You can get statistics for the currently active index in the following way:
<server>:<port>/?cmd=stats
This query will yield a JSON response that features:
- The name of the KB index
- The number of triples in the KB index
- The number of index permutations build (usually 2 or 6)
- The numbers of distinct subjects, predicates and objects (only available if 6 permutations are built)
- The name of the text index (if one is present)
- The number of text records in the text index (if a text index is present)
- The number of word occurrences/postings in the text index (if a text index is present)
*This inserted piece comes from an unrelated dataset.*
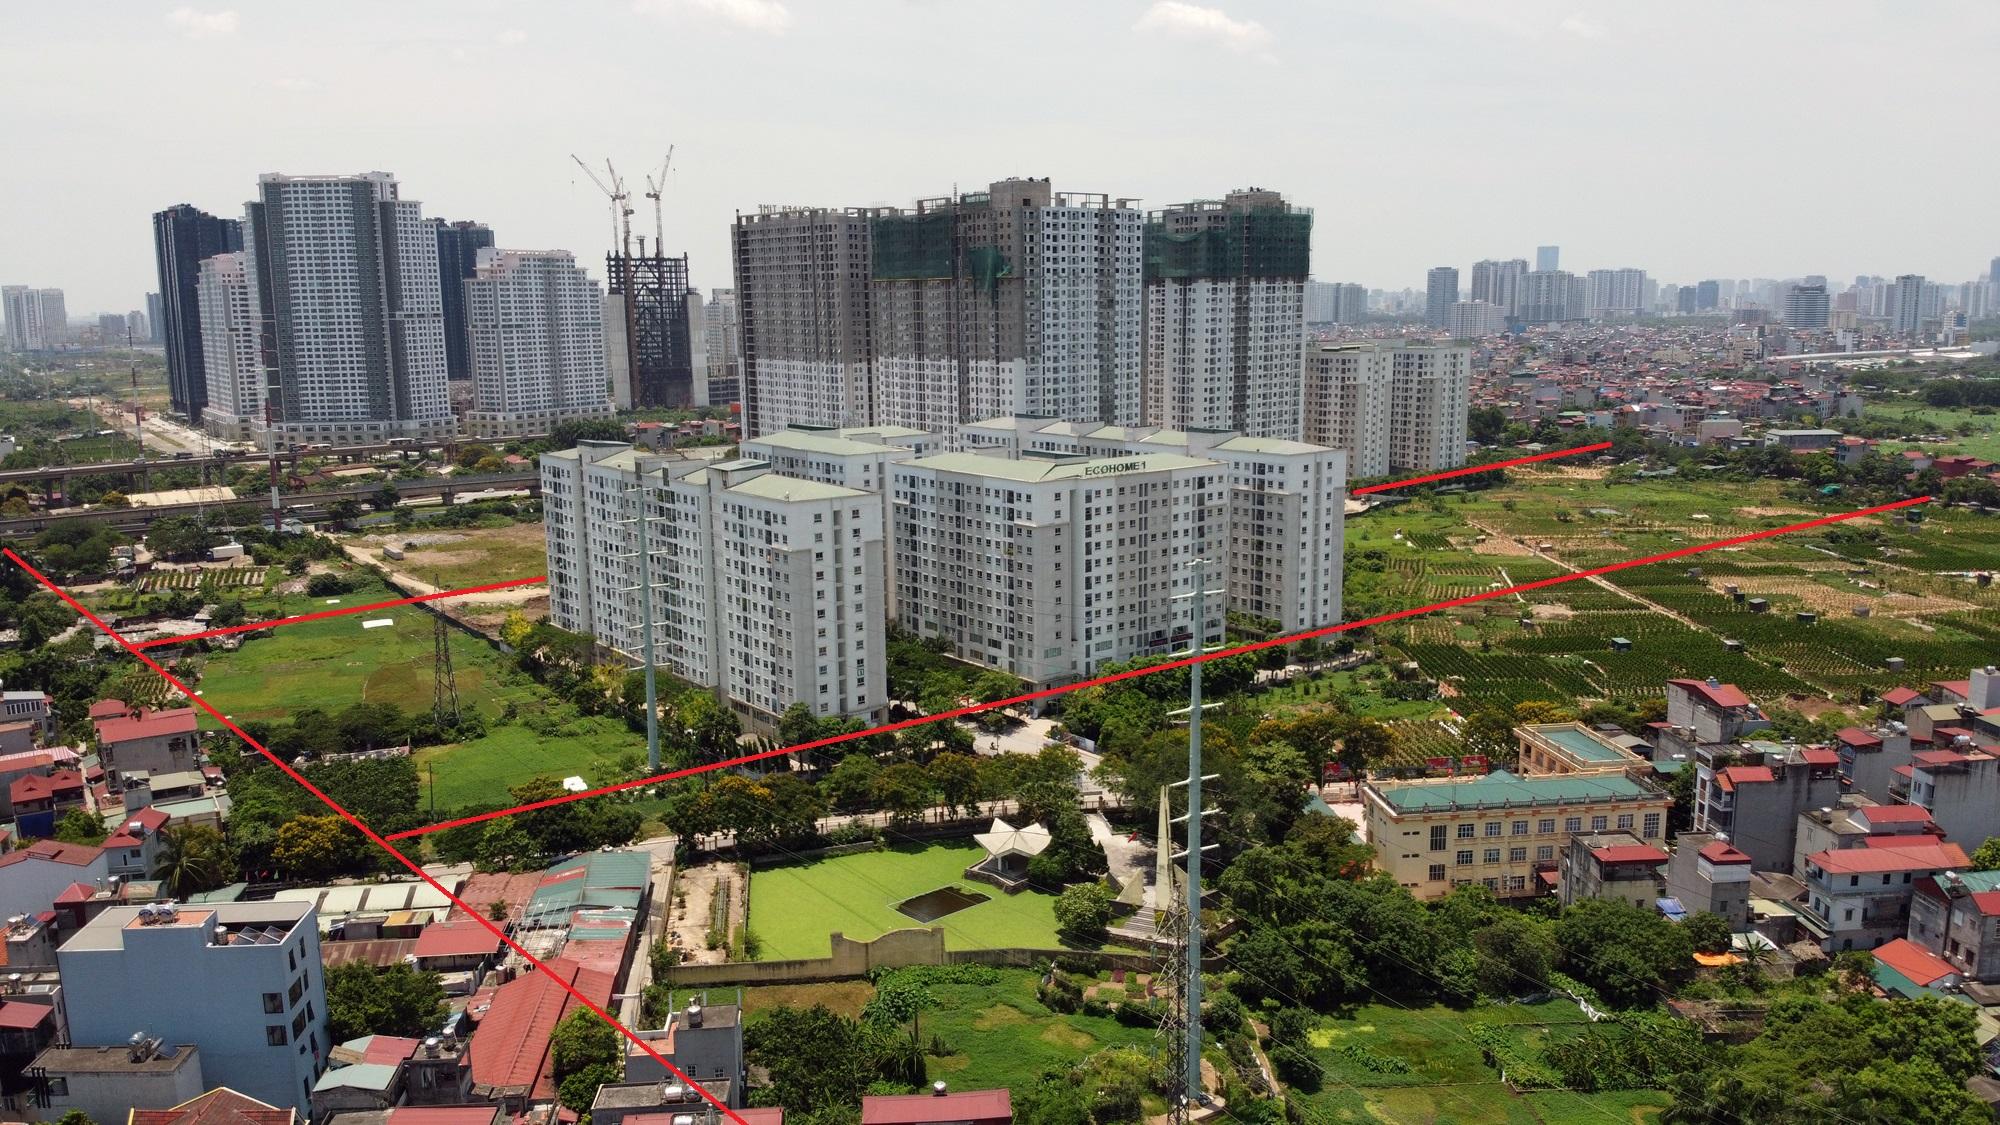 4 đường sẽ mở theo qui hoạch ở phường Đông Ngạc, Bắc Từ Liêm - Ảnh 9.

- The number of entity occurrences/postings in the text index (if a text index is present)
The name of an index is the name of the input .nt
file (and wordsfile for the
text index), but can also be specified manually while building an index.
Therefore, IndexbuilderMain takes two optional arguments: --text-index-name
(-T
)
and --kb-index-name
(-K
).
Currently, QLever does not compute partial results if there is a LIMIT
modifier.
However, strings (for entities and text excerpts) are only resolved for those items that that will be transmitted. Furthermore, a UI usually only requires a limited amount of rows at a time.
While specifying a LIMIT
is recommended, some experiments may want
to measure the time to produce the full result.
Therefore an additional HTTP parameter &send=<x>
can be used to send only
k result rows while still computing the readable result for up to LIMIT
rows.
IMPORTANT: Unless you want to measure QLever's performance, using LIMIT
(+
OFFSET
for sequential loading) is preferred in all applications. LIMIT
is
faster and produces the same output as the send
parameter